Johnnie Cochran saw it, too, but he and Denny didn't meet until months later, after Denny was out of the hospital. "I got a call from a friend, Dominick Rubal-cava, who's a wonderful lawyer in Santa Monica. He had met Denny through Denny's family, and he said, 'I want you to go see this guy. I think it's a case that's right up your alley.' So Dom and I went to see Reginald on a Saturday in the summer of 1992. Reginald Denny is a remarkable human being."
As a matter of course, Cochran uses elevated language to describe people he likes--wonderful lawyers, great friends, fine neighbors. In the case of Reggie Denny, though, he means exactly what he says. For one thing, Denny showed no interest in bringing suit against his attackers or anyone else, and not because he lacked intelligence or imagination. "He's a man without rancor, without bitterness," Cochran says with wonder. "He'd gotten something like 30,000 letters, and some of them were hate letters, people sending checks and saying, 'This is for white people uniting,' that sort of thing. He sent the money back, he didn't want any part of it. When I first saw this guy, I was sold hook, line and sinker. He didn't see things in racial terms. He said, 'Mr. Cochran, here I was in this area, I was just driving my truck and I got beaten up by these black guys. But then black people came and saved me when the police didn't.' I said, We've got to help this guy."

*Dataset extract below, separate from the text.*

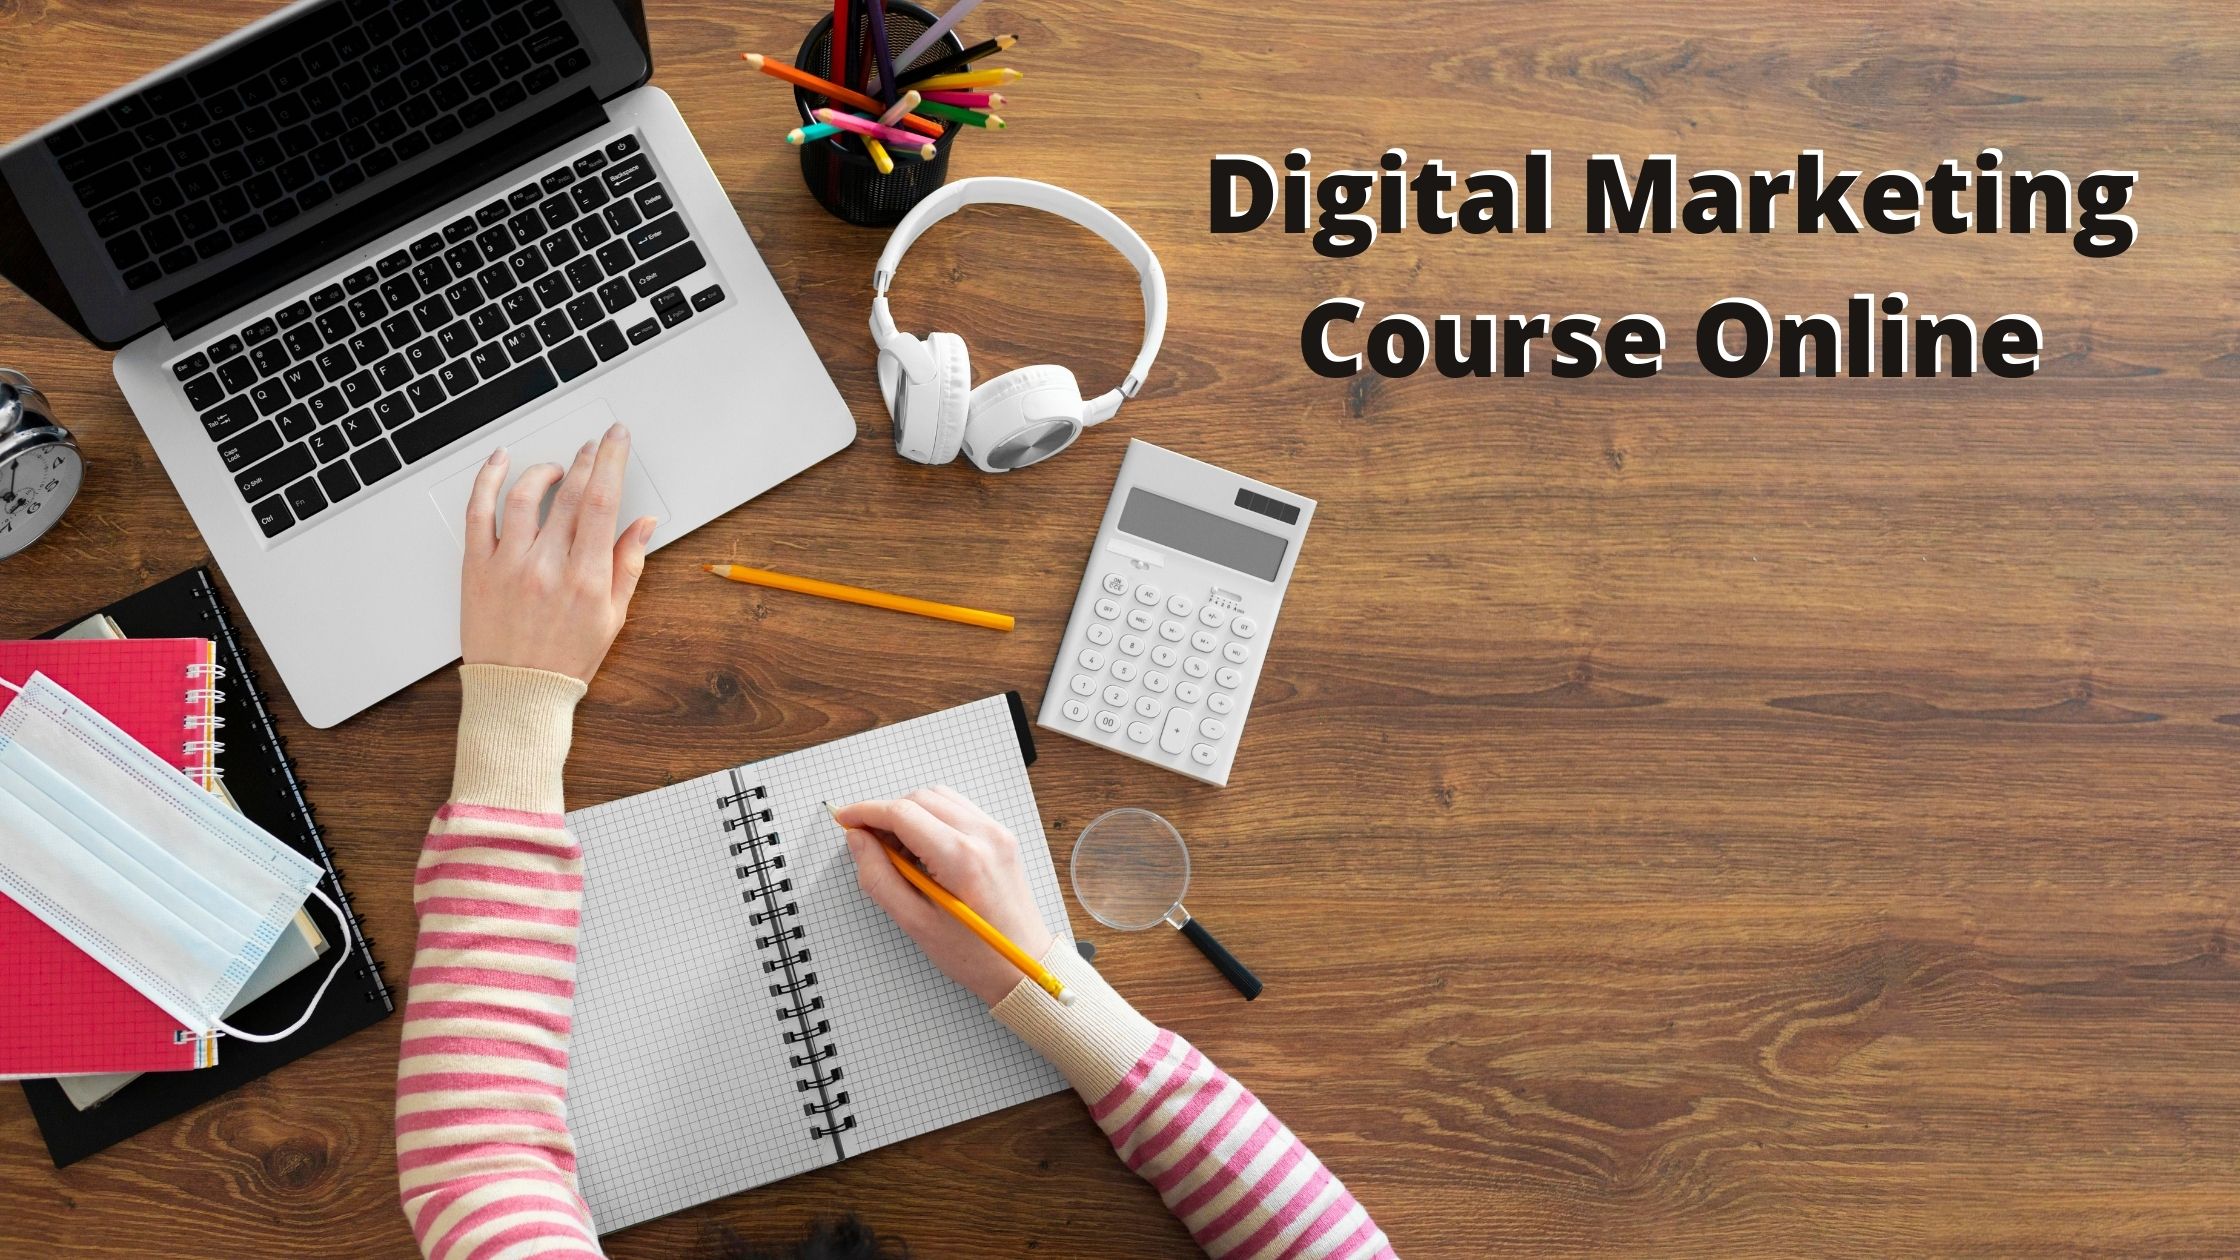 Course in Digital Marketing Online

To figure out how, Cochran returned to his office that same day and convened an impromptu meeting of the firm. The most obvious approach was bringing suit against the city, but this was easier said than done: A large body of law on government immunity makes it almost impossible to sue police departments for negligence in riot situations.
Then Cochran and an associate, Eric Ferrer, started kicking around some ideas about violations of civil rights. They agreed that if Denny were black he might claim he had been injured because the police had a discriminatory policy of not protecting South Central. Denny is not black, of course, a fact that at first seemed an insoluble problem. But suddenly Cochran and Ferrer saw the light. Denny's skin color didn't matter. The real issue was a violation of legal protection for all people in that area, including a white trucker who just happened to be driving through. Cochran beams as he recalls the moment: "We said, 'That's it! That's it! That's it.'"

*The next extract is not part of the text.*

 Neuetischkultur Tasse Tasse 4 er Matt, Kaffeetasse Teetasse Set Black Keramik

That wasn't quite it for some of Cochran's associates. They were appalled by the idea of a black law firm representing a white victim of the riots. But Cochran stood fast. "My career wouldn't mean anything, I wouldn't like anything about myself or my firm, if I refused to represent Reginald Denny because he was beaten by some black hotheads--any more than I would refuse to represent a black person who'd been beaten by some white hotheads. It was an easy decision for me, and the lawyers all came to understand that it was the right thing to do." Since then, Cochran and Denny have bonded like the two sweet-spirited soul mates they seem to be. "I took Reggie and his daughter Ashley to Bill Clinton's inauguration," Cochran says. "He had never been to Washington, and he had the time of his life. He and his daughter went to the ball in Union Station, and then they were out on the Mall with all that wonderful singing. He's wonderful, wonderful. He's an outstanding client."
This is vintage Cochran in the buoyancy, energy and hyperbole--were he 40 years younger, he might be describing a client who had just bought a big insurance policy. But it's also Johnnie Cochran in the prime of his life, revving up for another great case, one that promises to sweep away conventional notions of race with its focus on justice. "This thing is so enthralling," Cochran says, with a fervor that could make over the Sistine Chapel.
When Johnnie Cochran speaks of silver linings, he sounds as if he has minted the silver.